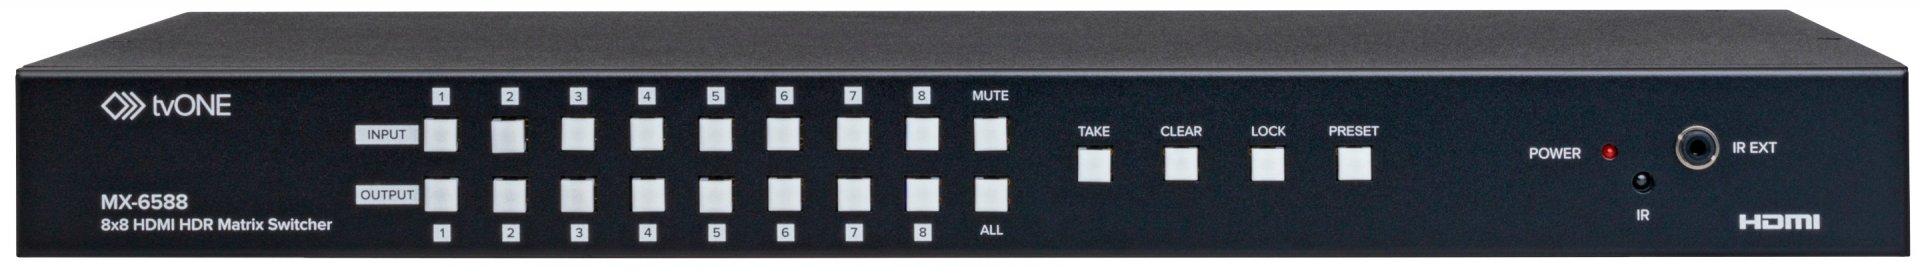 MX-6588_front
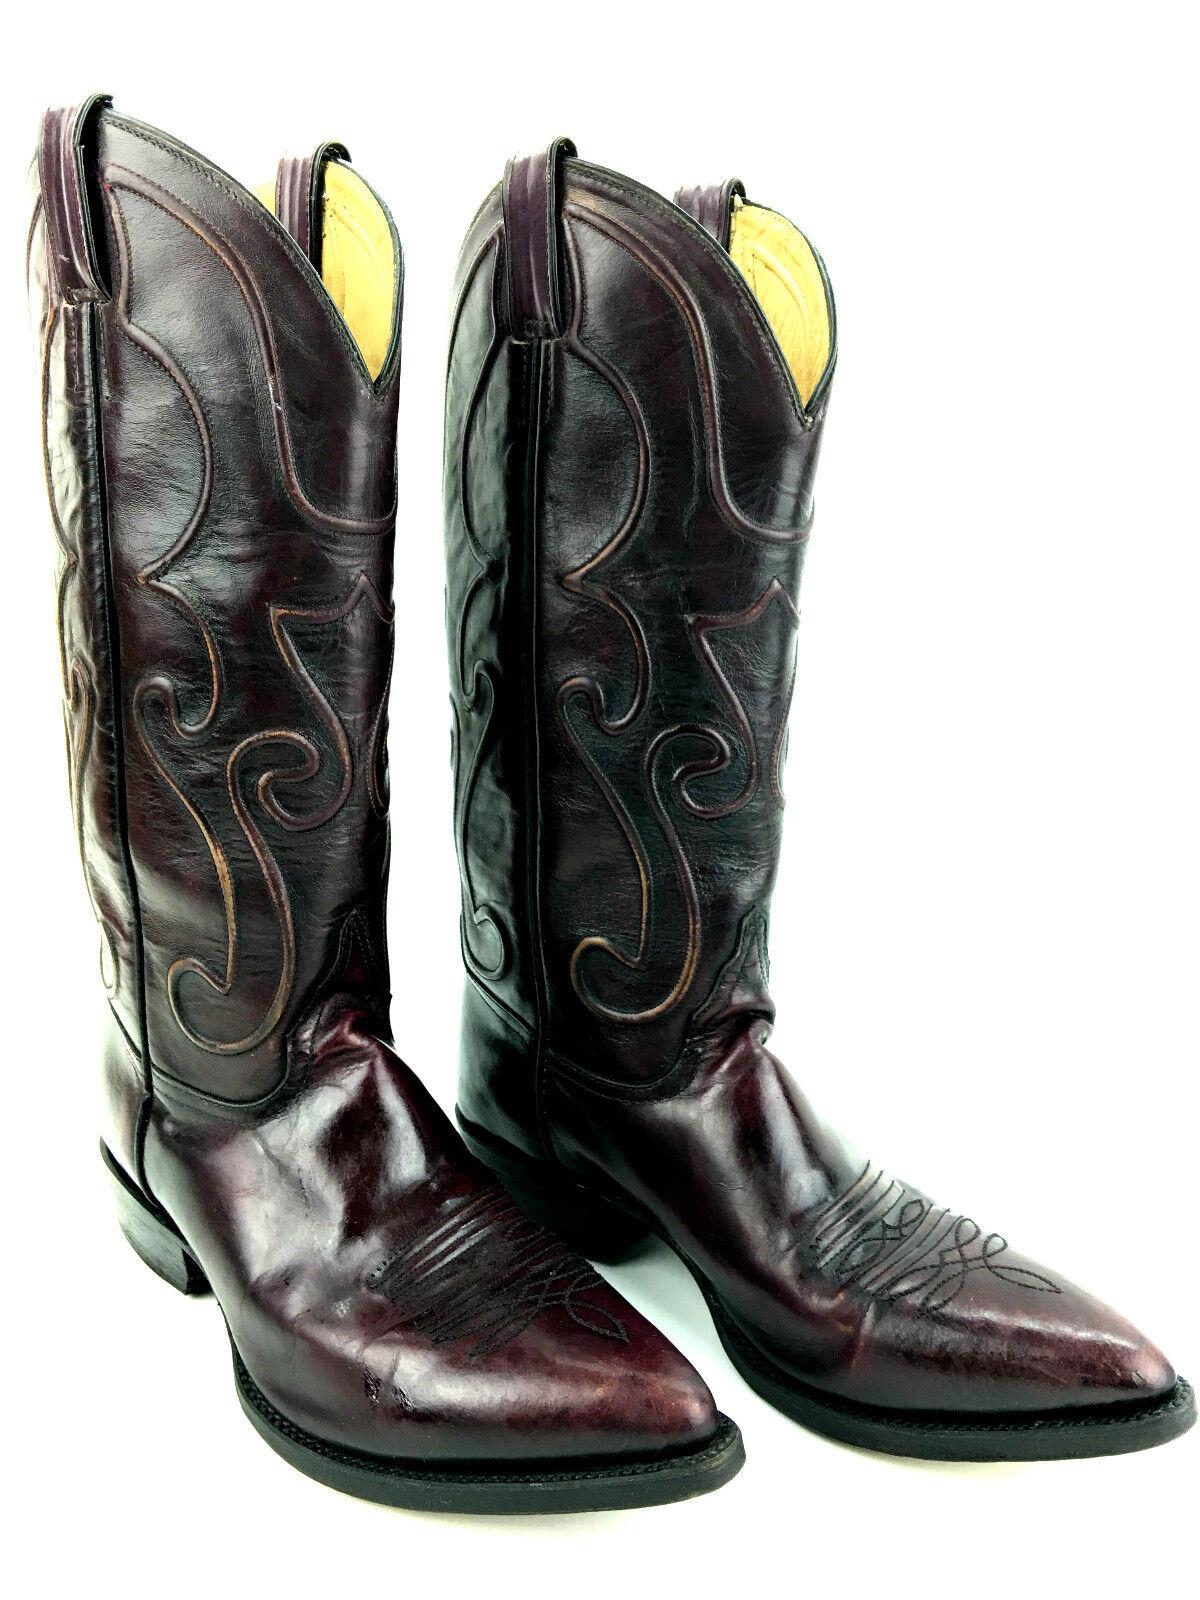 Morgan & Miller Men's Burgundy Western Cowboy Boots Size 7.5 USA.
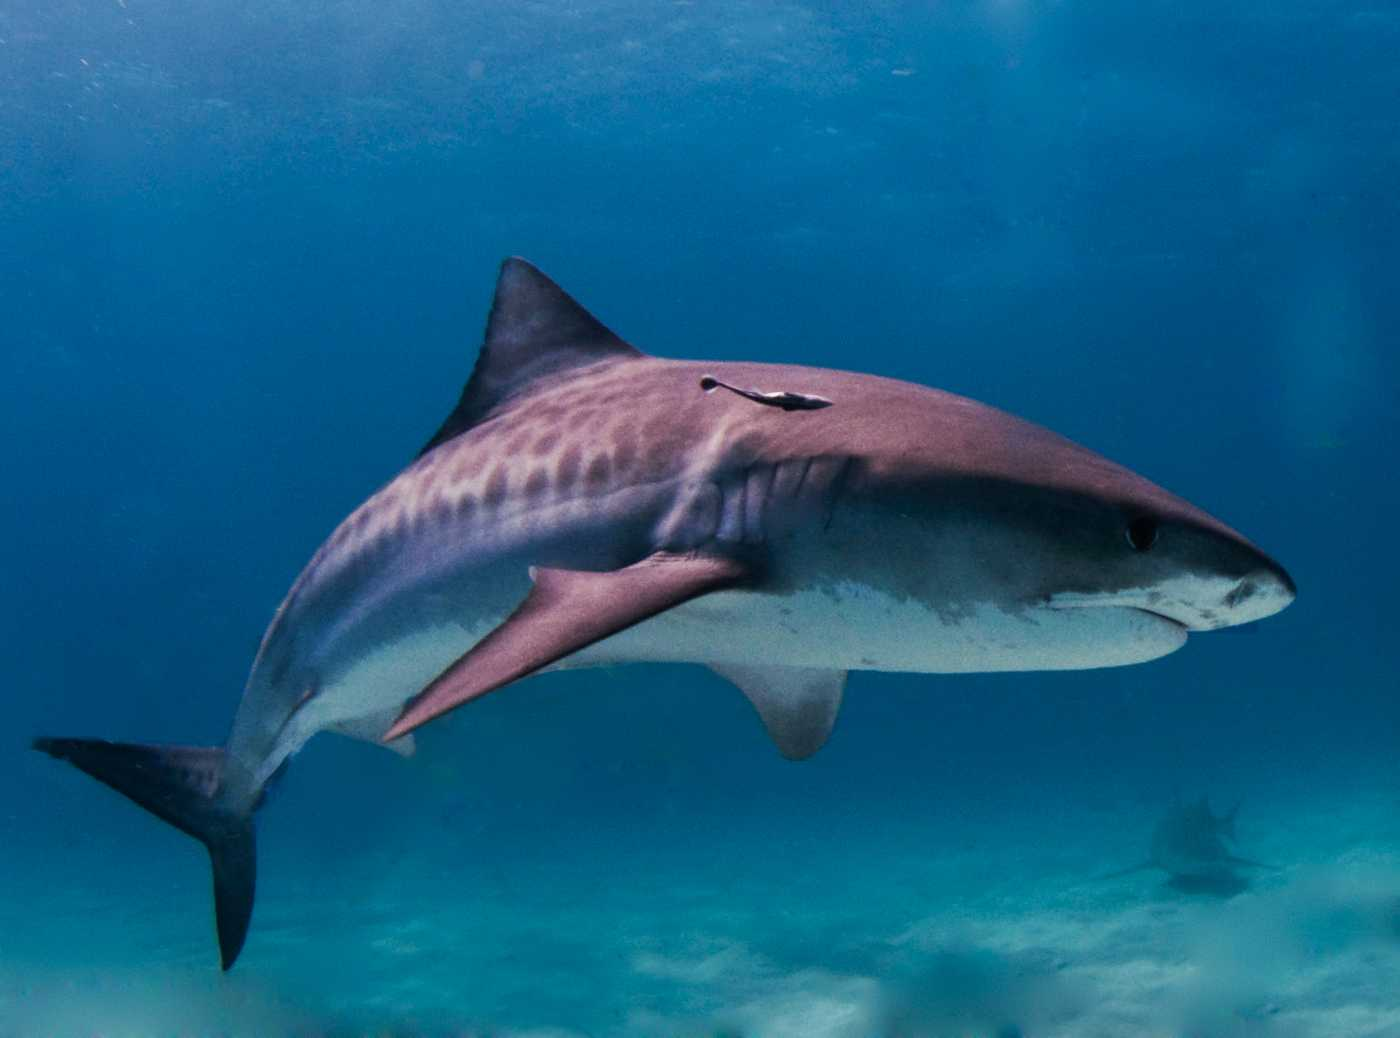 Tackling the myths and misunderstandings of shark attacks
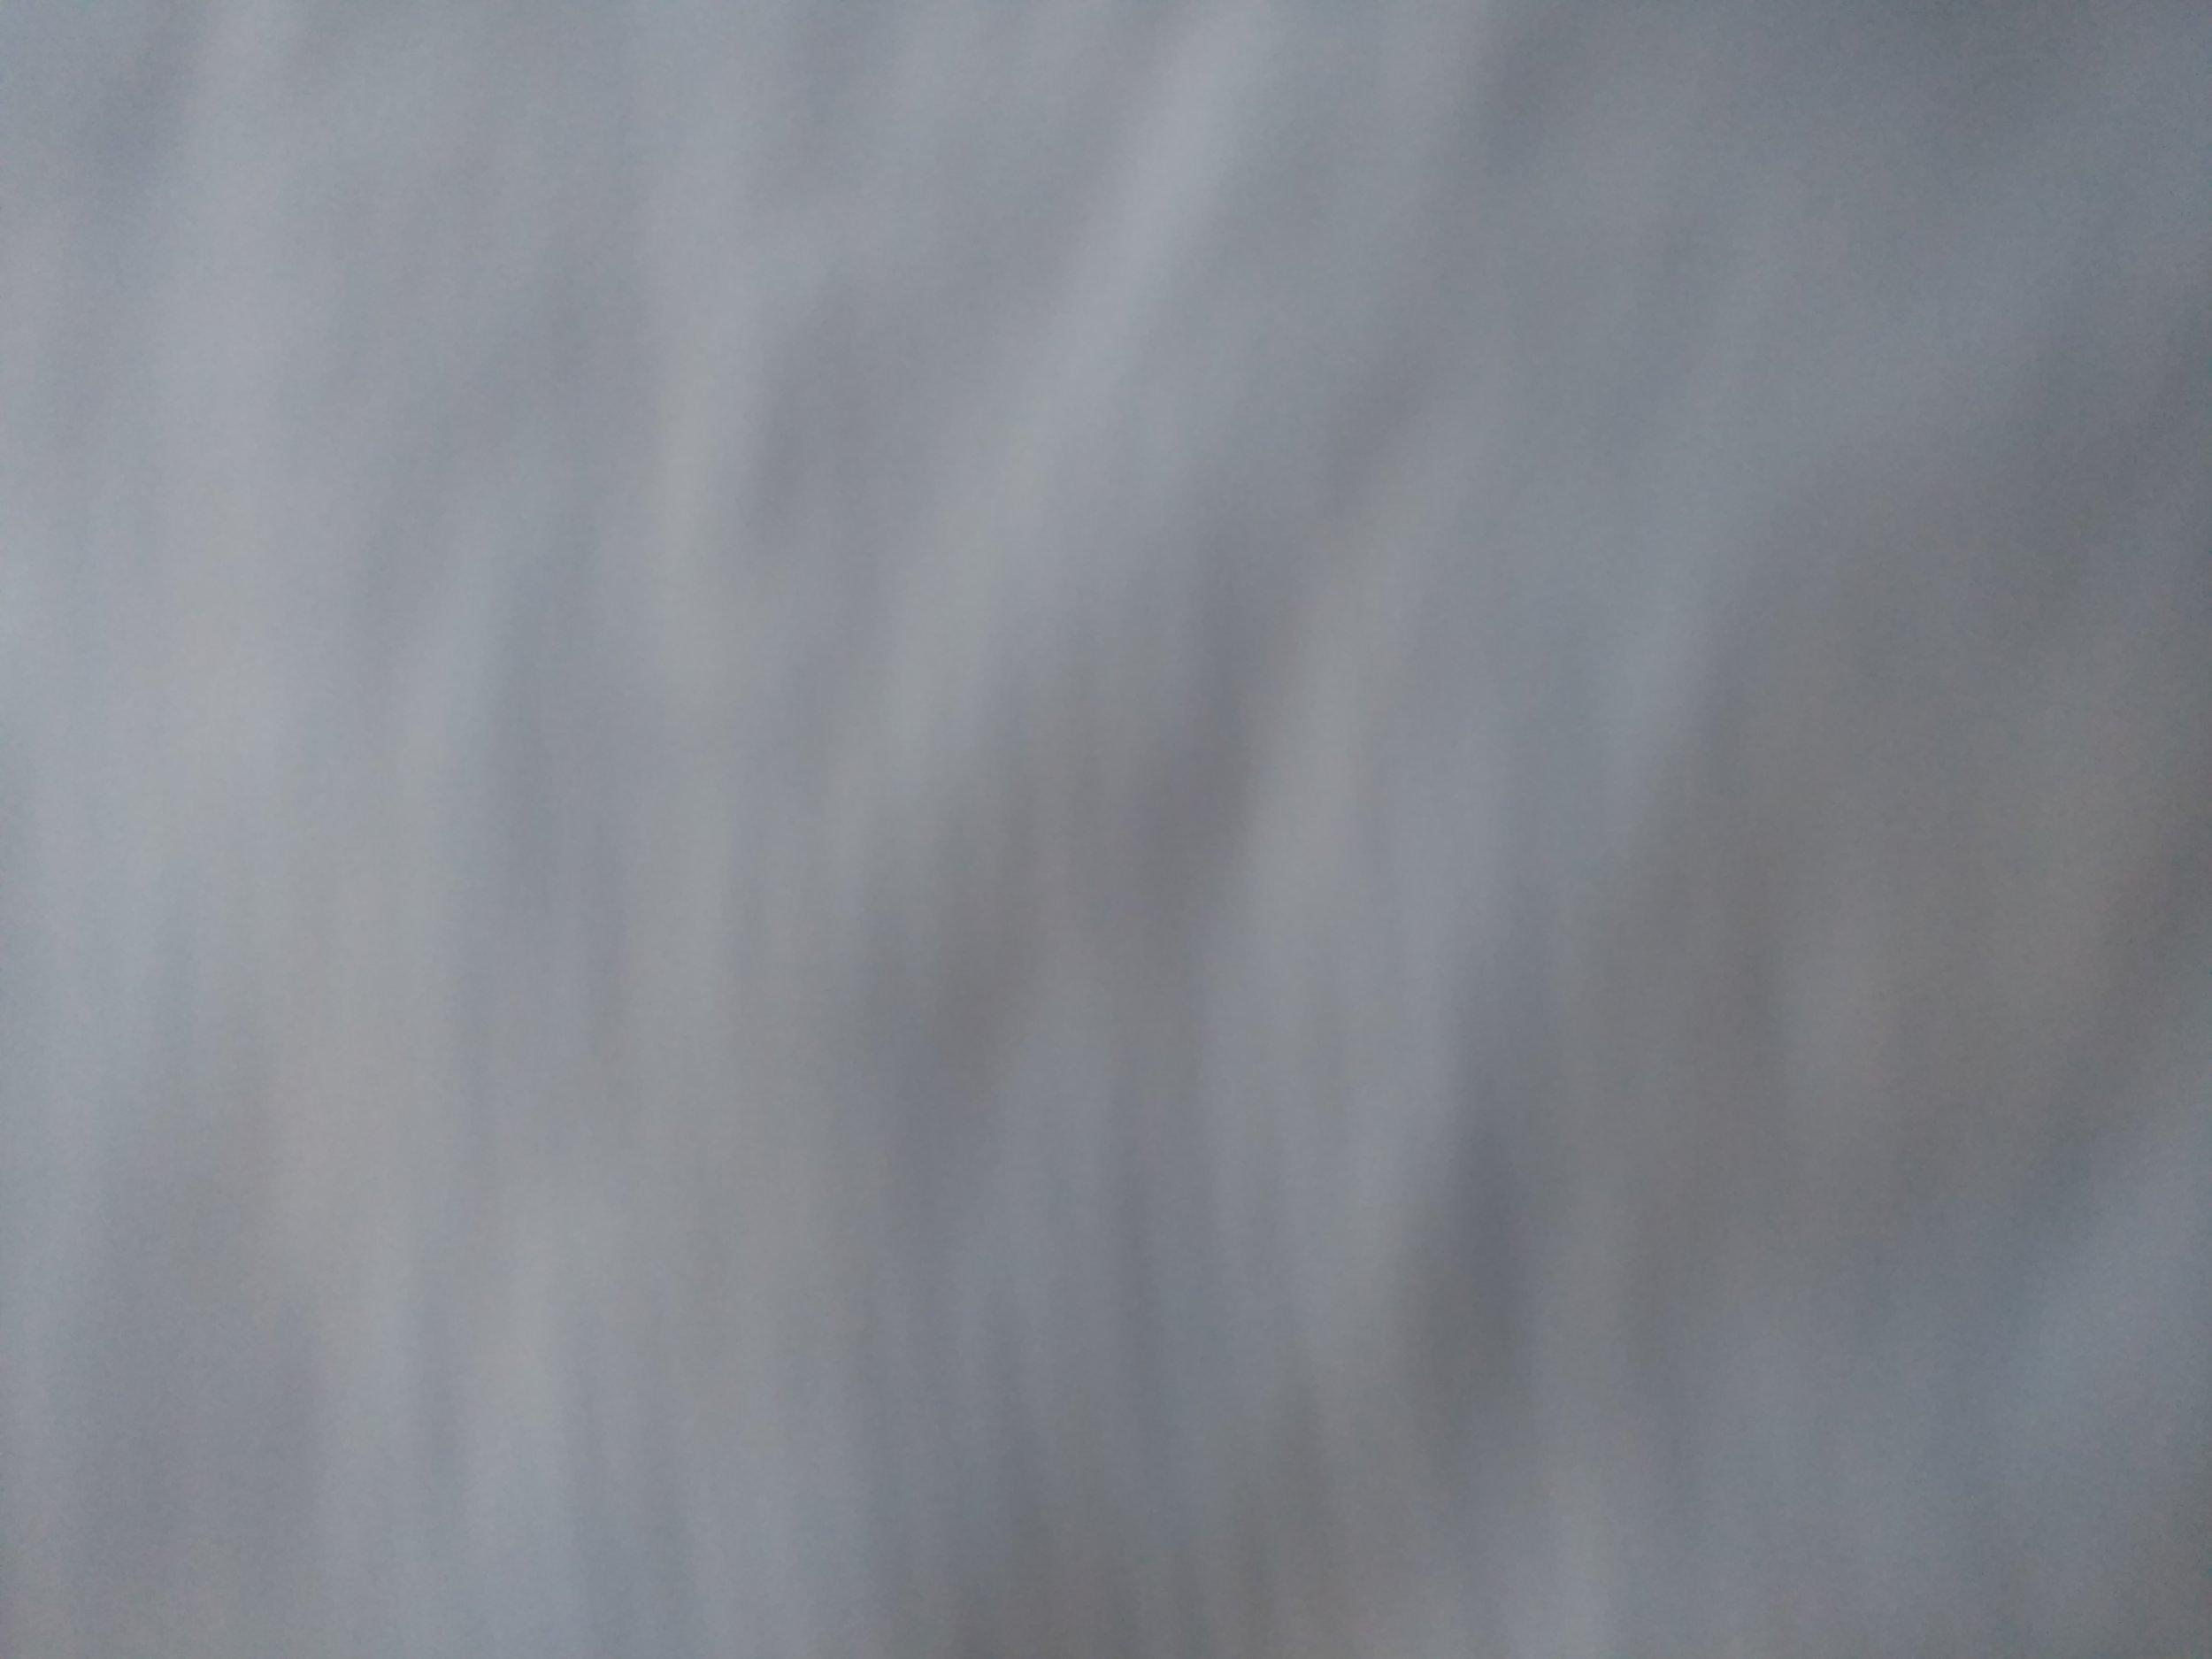 willroth-co-free-texture-gradient-053.jpg
===
Brief
Your task is to copy word for word the lines from the line containing "Tackling the myths" to the end of the listing, both included, and to drop any pictures.

Output of the exercise
 Tackling the myths and misunderstandings of shark attacks
 willroth-co-free-texture-gradient-053.jpg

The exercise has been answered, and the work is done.